陈二栓也吓了一跳,“我可没动手打他,你们都看见了啊,跟我没关系。”
刚才被骂的那衙役蹲下身探了探沈主事的鼻息,又摸了摸他的脉搏,站起身笑来到陈二栓身边。
他压低声音,道:“放心,没事,沈主事气性大,晕了。”
陈二栓松了口气,“没事就好,没事就好。”
心里吐槽,亏他还是个官,怎么做派跟村里的撒泼妇人一模一样。
旁边的衙役们你看看我,我看看你,都憋着无声的笑。
沈主事活该。
·
时间一晃,半个月过去了。
再一次得知沈主事又被打回来了,陈冬生一脸同情,“沈主事辛苦了,明日继续去吧,只要坚持下去,周虎他们迟早会束手就擒。”
沈主事听到这话,气得浑身发抖。
陈冬生根本就是故意的。
其实,陈冬生之所以让沈主事每天去黑风矿喊话,是为了麻痹周虎等人。
他早已暗中行动,寻找拿下黑风矿的机会。
这日,陈冬生换上一身便服,悄悄离开了衙署,前往锦衣卫的驻地。
宁远城没破,锦衣卫驻地因此也没遭到破坏。
陈冬生走上前,出示令牌,低声道:“烦请通报一声,我要见赵校尉。”
“陈佥事稍等,小人这就去通报。”
不多时,赵校尉出来了,对着陈冬生拱了拱手,“不知陈佥事今日前来,有何吩咐?”
陈冬生也对着赵校尉拱了拱手,“赵校尉客气了,今日前来,是有一事相求。”
赵校尉想了想,道:“先进去再说吧。”
进去之后,陈冬生没有绕弯子,开门见山,“想必赵校尉也知道,官府围剿黑风矿,几次下来,都未能成功。”
何止是知道啊。
宁远百姓都知道了,每次都是沈主事落魄回来,被百姓们编成顺口溜传唱:沈主事,日日跑,黑风矿前摔三跤。
“黑风矿地处深山,地势险要,周虎手下有数百号人,个个凶悍,想要拿下,确实不易。”
“正是如此。”陈冬生说道,“本官今日前来,是想请赵校尉告知黑风矿内的情况,比如矿内的人数、守卫分布、矿石储存情况。”
“我们有其他任务,不便插手地方事务。”
陈冬生笑了,直勾勾看着赵成。
“我不信有什么事可以瞒住锦衣卫。”
走私这么猖狂,黑矿还张扬高调,锦衣卫不可能视而不见。
赵校尉沉吟了片刻,道:“黑风矿内,大约有一千多号人,其中守卫差不多有五百人,矿内守卫分为三班,日夜巡逻,矿口是主要的防守据点,另外还有两个侧门,防守相对薄弱。”
他顿了顿,又继续说道:“周虎手下有两个主要副手,一个是孙老歪,为人狡诈,负责矿内的账目和物资管理,另一个是赵疤脸,为人谨慎,负责走私相关,另外,黑风矿的探图可以给你一份。”
“太好了,这些信息太重要了,不知赵校尉还有没有其他关于黑风矿的信息?”
“周虎近期一直在偷偷将矿内的矿石运出去,看样子,是在扩充实力,准备长期与官兵对抗朝廷。”

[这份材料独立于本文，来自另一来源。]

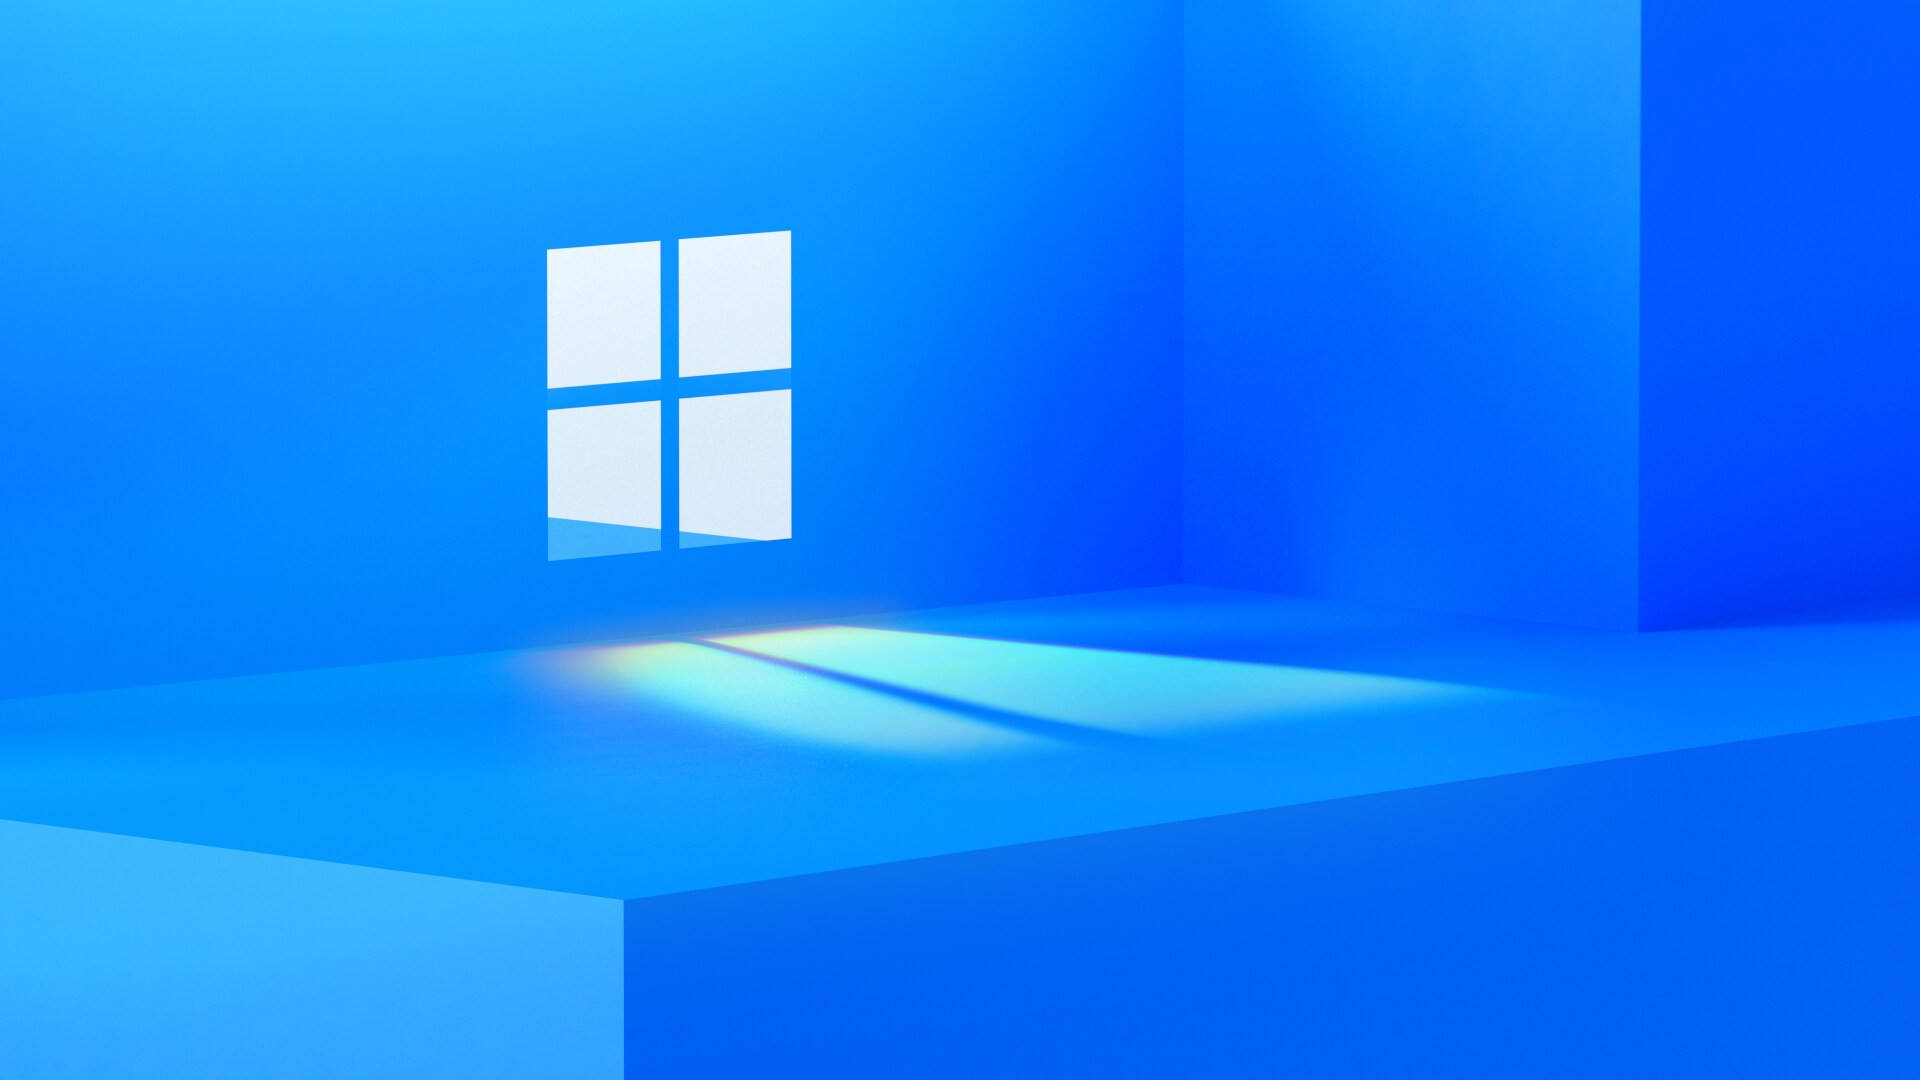 Bạn đang muốn thay đổi hình nền trên máy tính của mình? Hãy tải ngay hình nền Windows 11 với logo mới nhất của hệ điều hành này. Đặc biệt, bạn sẽ được trải nghiệm các tính năng mới cực kì hấp dẫn mà chỉ Windows 11 mới có.

“还有个叫薛青山的,你可以留意一下,他或许能帮到您。”
陈冬生得到了想要的,谢过赵校尉之后,回到了衙署。
第一件事就是让陈青柏去查薛青山。
薛青山并不难查。
陈青柏道:“他父亲是战死的,随后母亲也病死了,他是军屯佃农。”
“能找到他人吗?”
“听说带带着一百多号兄弟离开了,已经好几个月没有消息了。”
“那有没有办法找到他?”
陈青柏道:“听说他与翠云阁中的一个绣娘相好,几次放话说要赎她,娶她为妻。”
“把那位绣娘请过来。”
陈青柏摇了摇头,“那位绣娘几个月前被掳走了,听人猜测,薛青山很有可能带着一百多号兄弟去救她了。”

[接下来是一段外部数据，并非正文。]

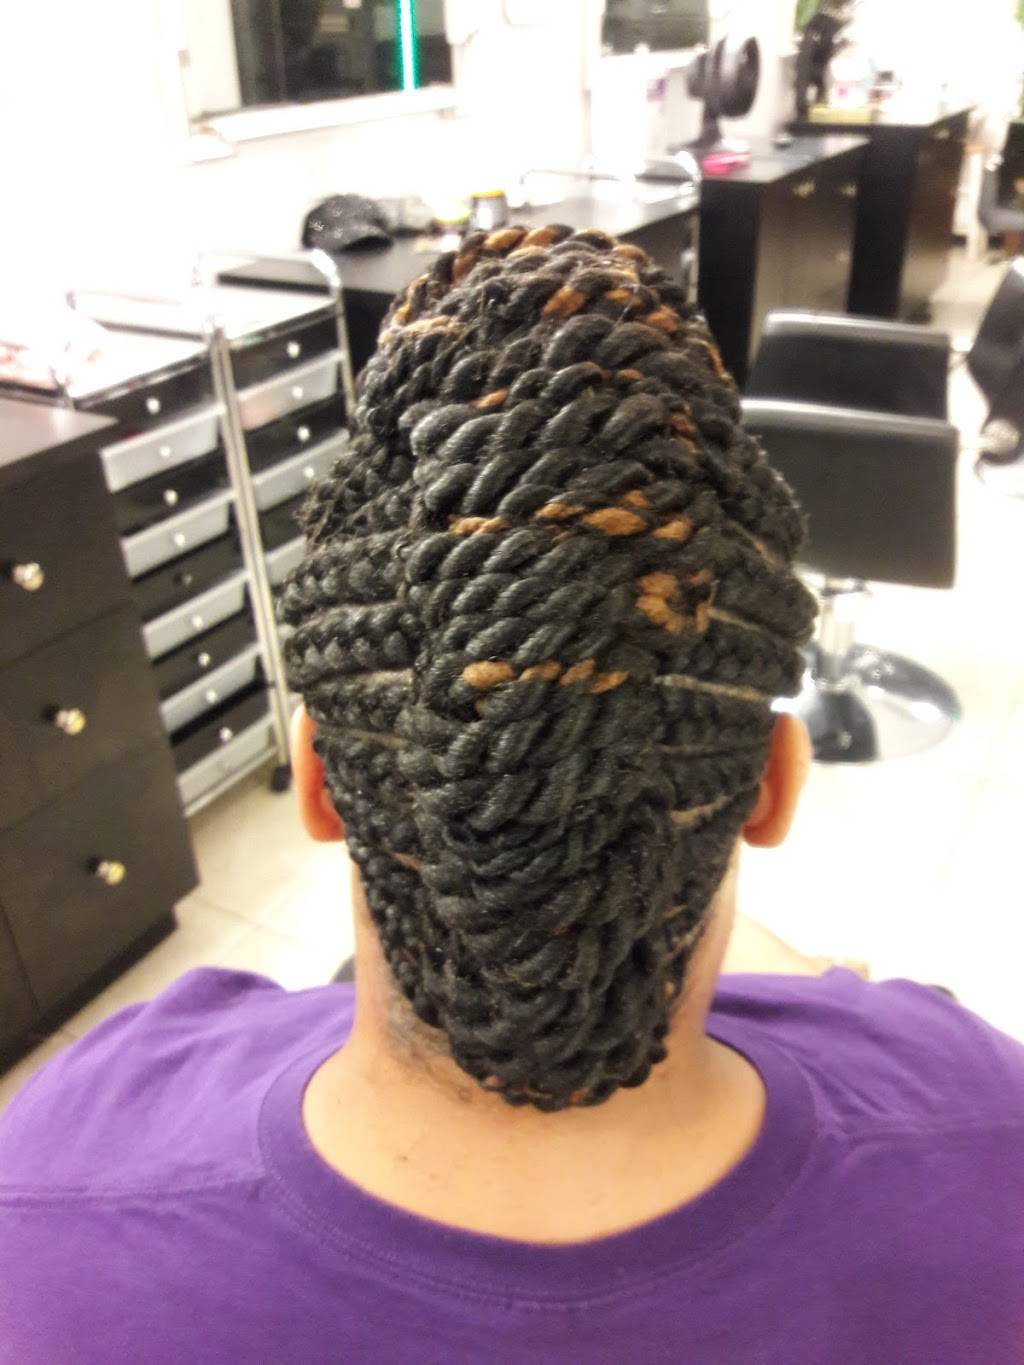 Penda African Hair Braiding | 4229 Louisburg Rd Ste 113, Raleigh, NC 27604 | Phone: (919) 264-3810

“掳走?”陈冬生沉吟,赵校尉肯定不会平白无故提起此人,“那绣娘叫什么名字?”
“柳翠。”
陈冬生想了想,道:“青柏,你去找一下我爹,问问他认不认得柳翠。”
陈青柏刚要领命,突然反应过来,瞪大眼看着陈冬生,“冬、冬生啊,你该不会怀疑二叔跟她有一腿吧。”